*** Recorded information ***

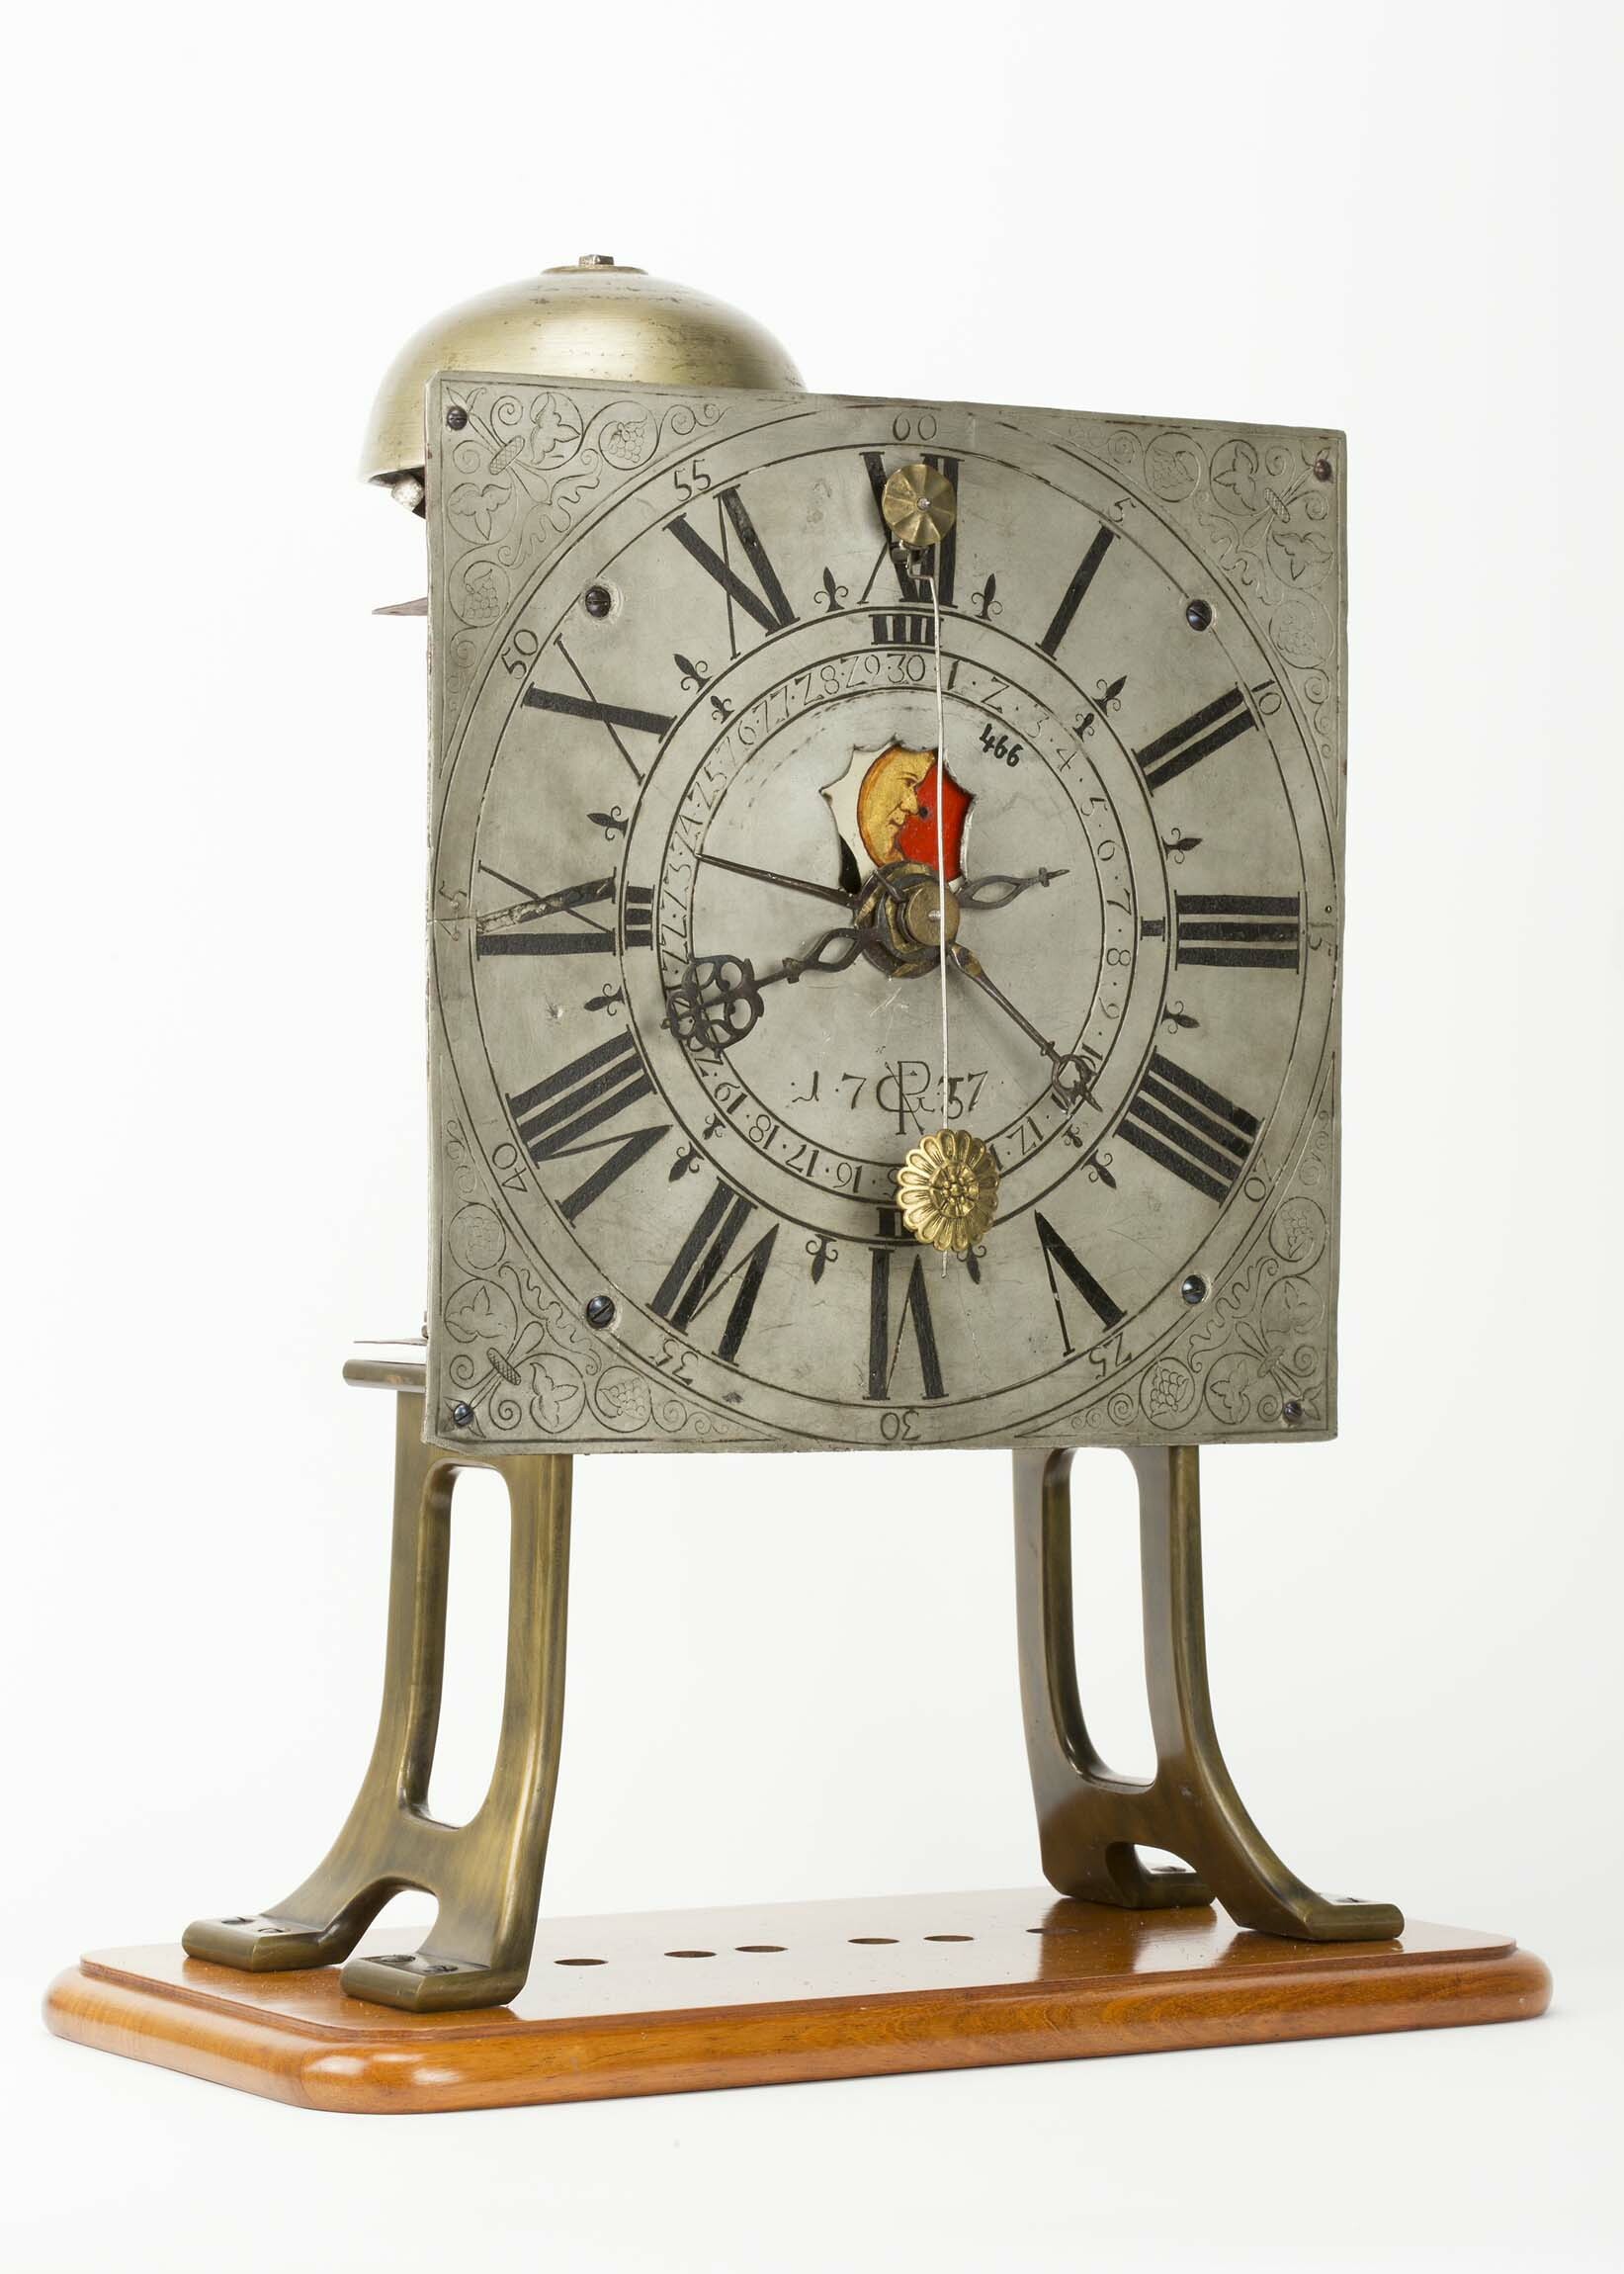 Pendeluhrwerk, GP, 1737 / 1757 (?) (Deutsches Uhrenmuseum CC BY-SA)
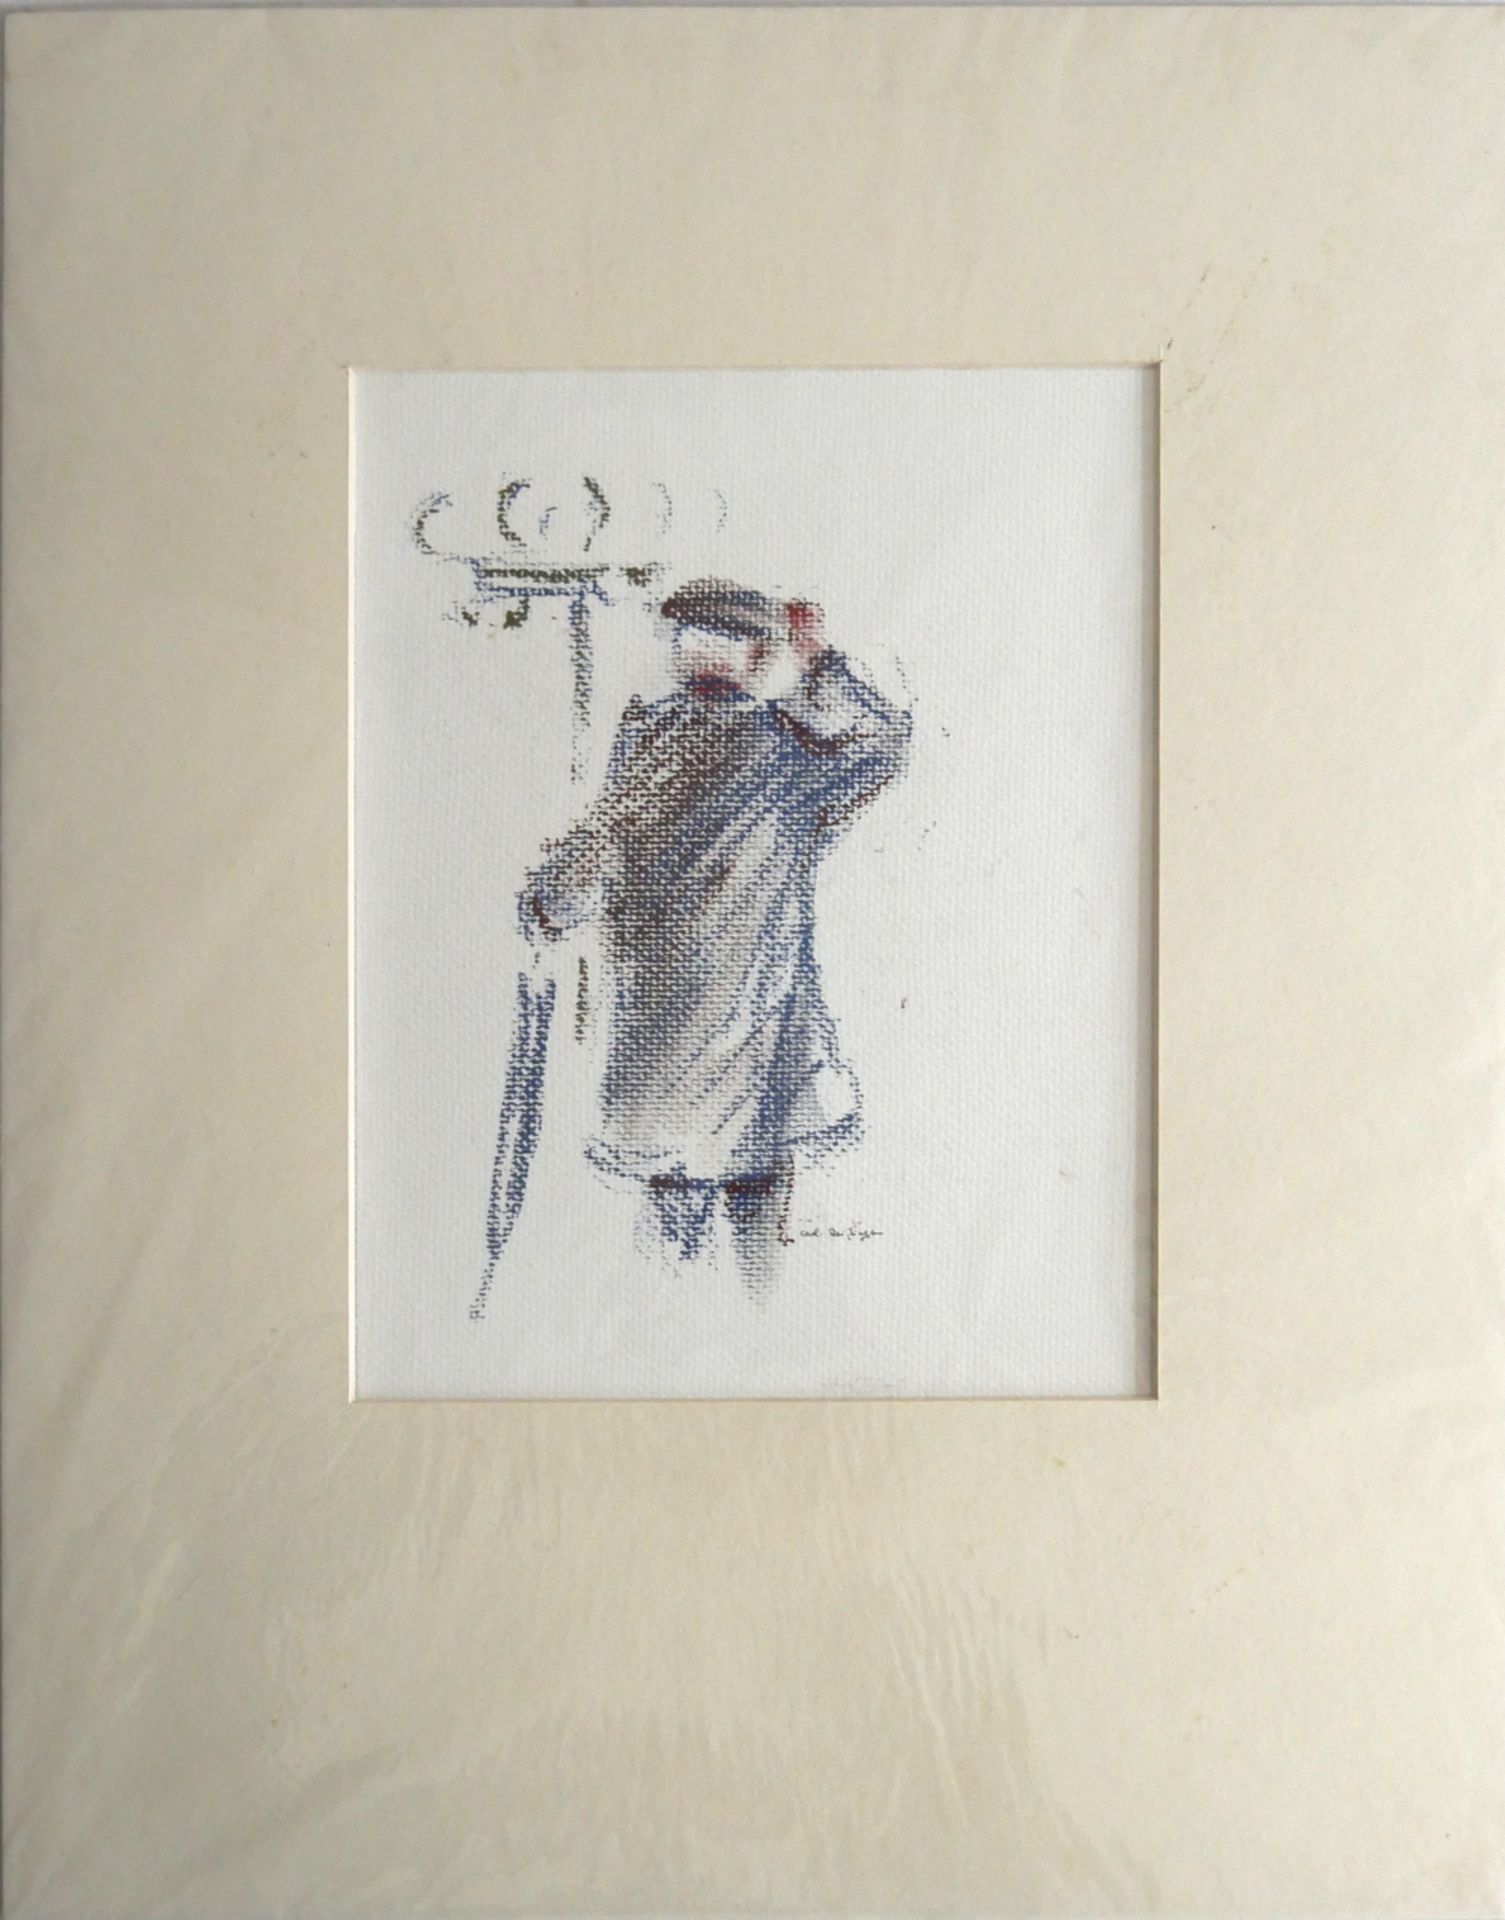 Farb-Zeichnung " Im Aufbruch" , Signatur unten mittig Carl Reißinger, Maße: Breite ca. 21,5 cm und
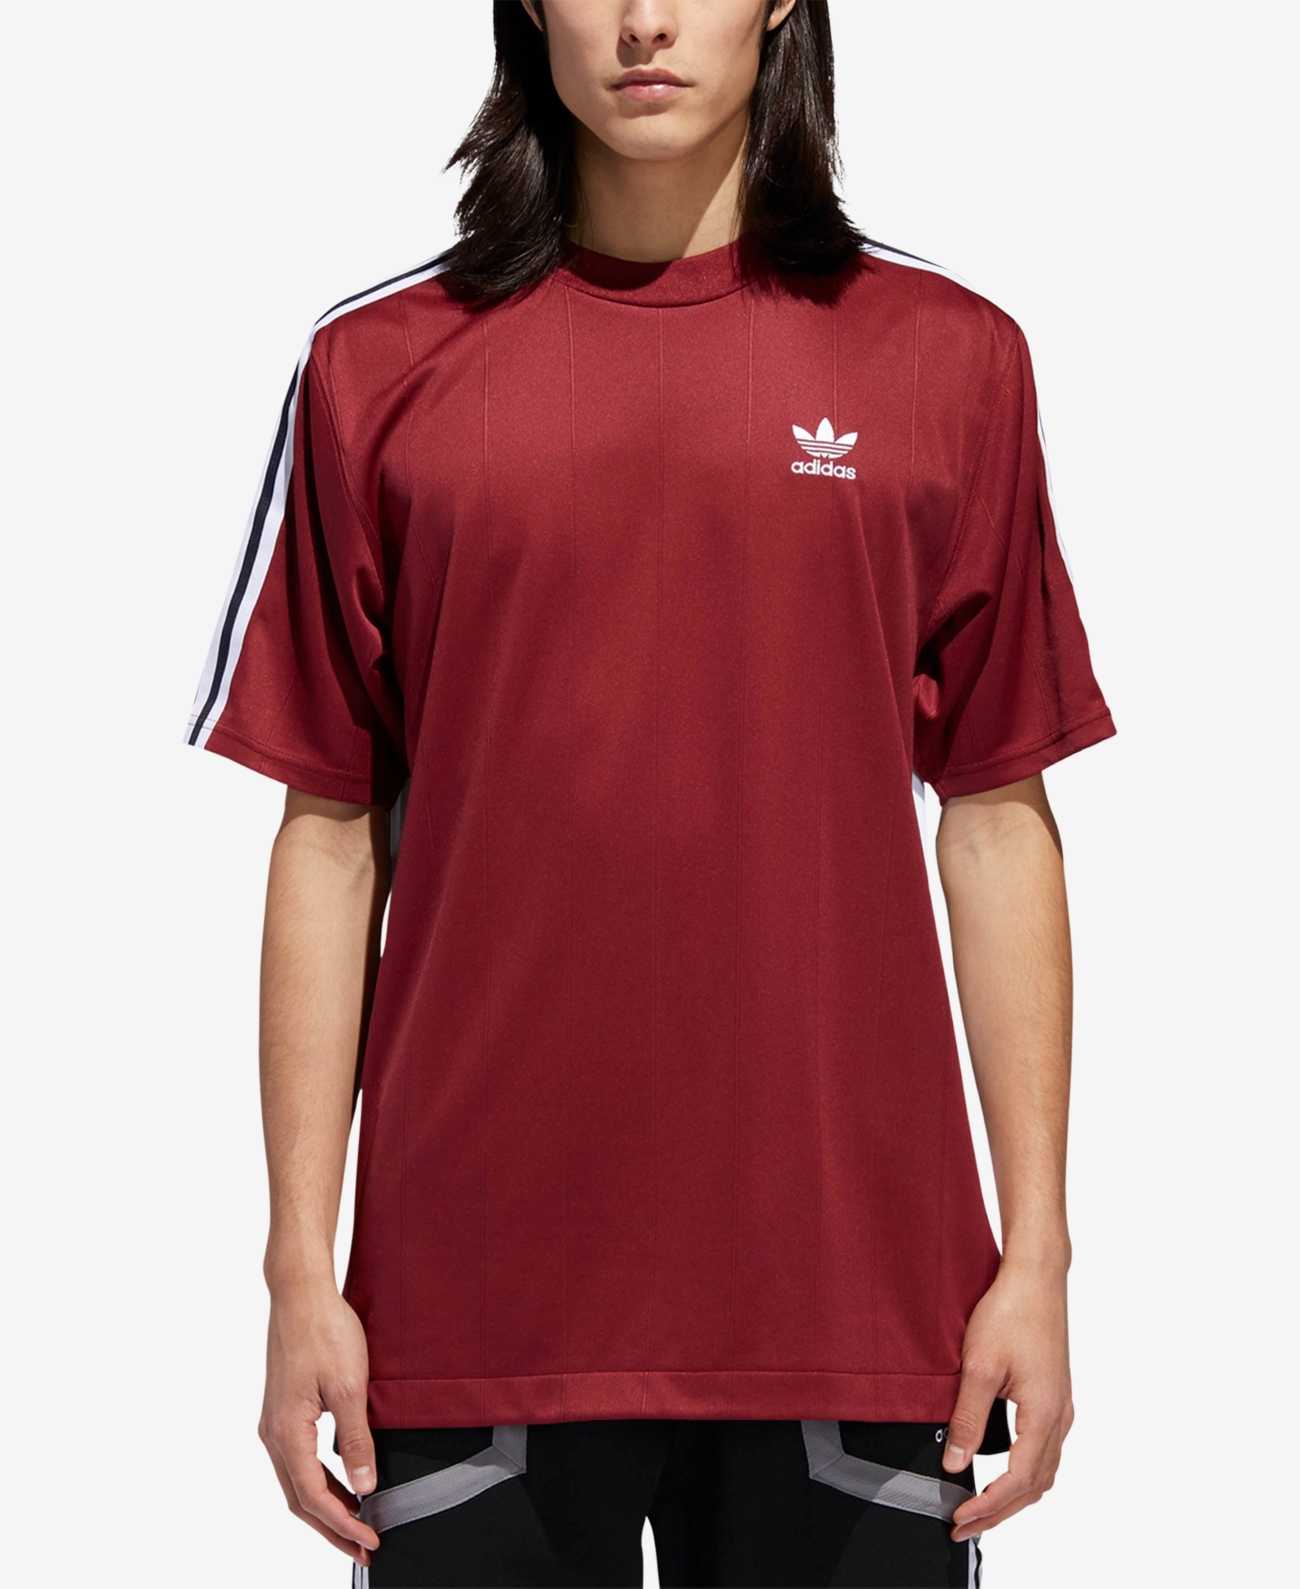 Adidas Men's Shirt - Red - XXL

*** End of Recorded information ***

The task: Repeat the listing above exactly, with no pictures.

Solution for this task:
 Pendeluhrwerk, GP, 1737 / 1757 (?) (Deutsches Uhrenmuseum CC BY-SA)
 Farb-Zeichnung " Im Aufbruch" , Signatur unten mittig Carl Reißinger, Maße: Breite ca. 21,5 cm und
 Adidas Men's Shirt - Red - XXL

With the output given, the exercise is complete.